Speaker 2:I'd like to put a plug out to the Woven National Women's group of veterans. Women Veteran Network is basically like the acronym or whatever, but the word woven, it keeps us. We're all entwined together in our lives, especially veterans, in a very unique way and they offer peer support, training, but they also keep us connected, keep us woven, and I mean I have friends in North Carolina that I've never met. They're all over the United States. In fact, june 7th, woven is having a women recognition opportunity because it's on a Saturday and so we do like Woven birthday celebrations on a Saturday, like from 10 to 2. And you don't have to be a member, you can just get on and you just go to wovenorg, w-o-v-e-norg and all the information. Just keep doing all the drop-downs and you'll find the information you need to become a member or to get hooked up with a buddy.
Speaker 2:There's also the Women Veteran Peer Support that I mentioned, that is available throughout the state of Michigan and that you can find at Women Veterans Strong. I believe that's a com, or you can just Google Shelly Rood and she's the one that started the program. I don't know who wrote the grant, but she's the one that's maintaining it as well. And then there is she's the one that's maintaining it as well. And then there is I mentioned no Veteran Left Behind with Jeffrey Dovrow in Detroit. And there is WINK Women in Combat, which is located in Lexington. No, not Lexington Ludington. I get those mixed up because I live near Lexington. No, not Lexington Ludington.
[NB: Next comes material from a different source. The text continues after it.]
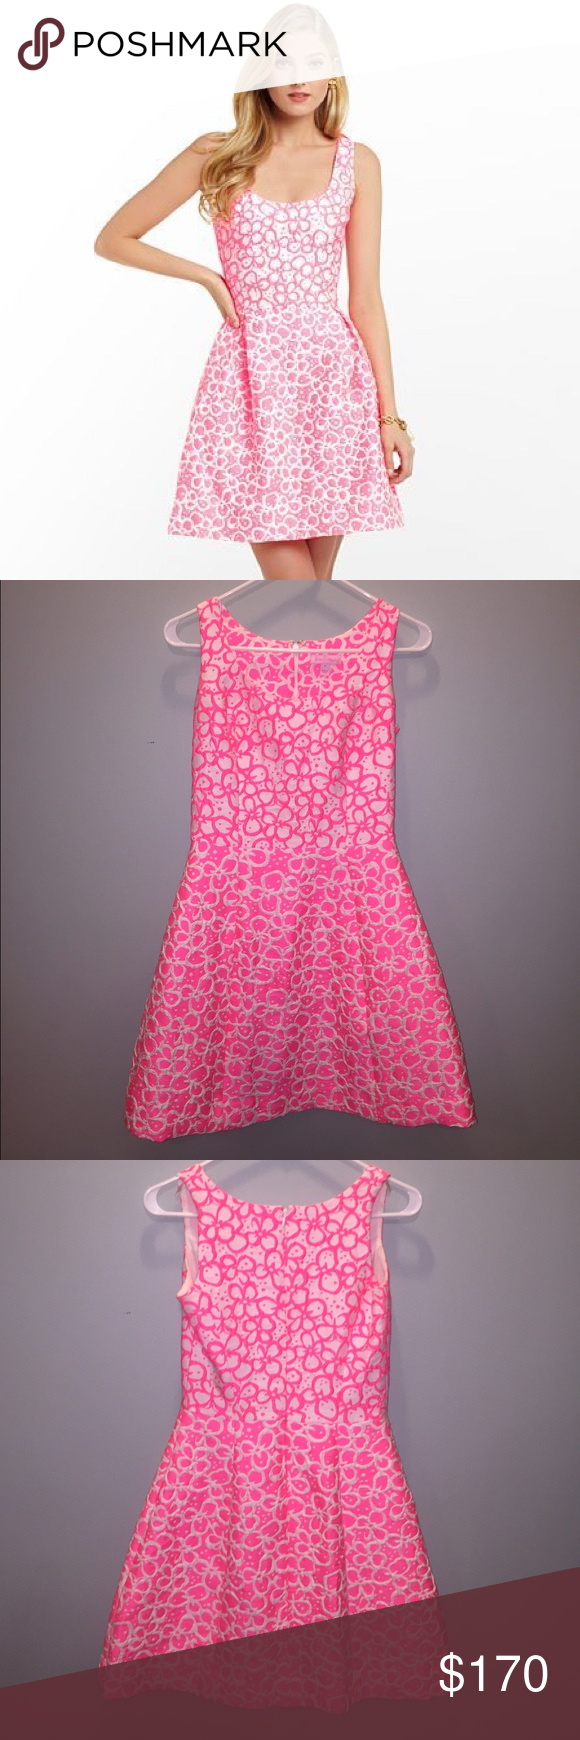 Lilly Pulitzer Joslin Dress in Fiesta Pink

Speaker 3:I get those mixed up because I live near Lexington, so I say that one first but it's Ludington, michigan, for the women in combat and you don't.
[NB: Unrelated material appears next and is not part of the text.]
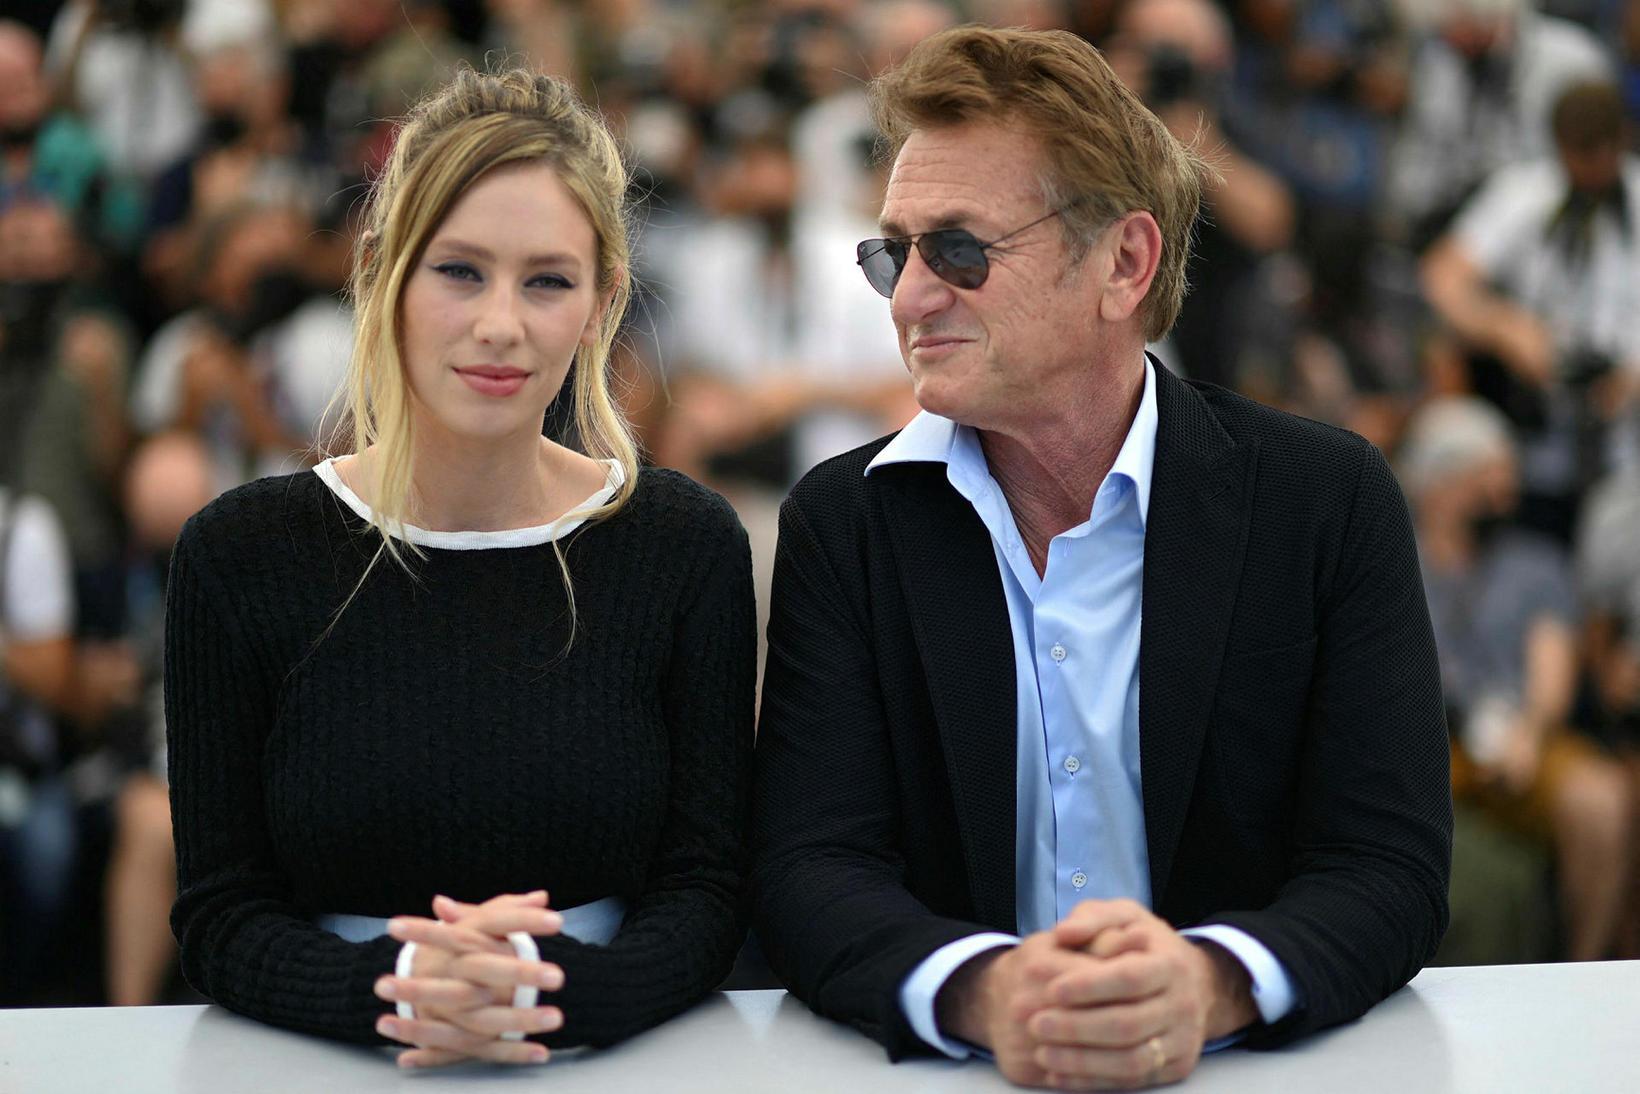 Feðginin Dylan Penn og Sean Penn.

Speaker 2:You don't have to have served in combat, it's for all women veterans. It was just the acronym when that was created, because it was created by a woman that suffered severe trauma and created that organization to help support women vets. And she, her name, is Zanetta Adams. You may have heard of her. She was the director of the Michigan Veteran Affairs Agency.
Speaker 1:I interviewed her when I did a podcast for Consumers Energy. I know Zanetta.
Speaker 2:Oh, that's wonderful.
Speaker 1:I've got to get her back in here to do her whole story though.
Speaker 2:Yes, well, she's making strides for all of us veterans in Washington because she was replaced by somebody in Michigan, because she had this other awesome opportunity that was given to her to, uh you know, get a voice for us women veterans. And I want to mention Alexis DeRizzo, who runs Motown Women Veterans and, um, she is. She wants to get women out because we isolate ourselves. All veterans can get into periods where we isolate and just want to stay in our own comfort zones, and so she plans trips. There's a Myrtle Beach trip. There's this retreat I'm going to this week, four nights and five days in Petwater, michigan, and we just did a first-ever female veteran fashion show down at Masonic Temple in Detroit, which was a blast and a lot of work for Alexis, but I can't say enough about what a great experience it was.
Speaker 1:Oh, very good. So lots of organizations out there to help veterans.
Speaker 2:Absolutely.
Speaker 1:That's great. Well, I appreciate you coming in. It's been great getting to know you. You kind of flipped that over on me but, yeah, great getting to know you. Thanks for spending a Thursday afternoon with me and have so much fun at your retreat and I look forward to kind of hearing how that went.
Speaker 2:Thank you very much, appreciate you.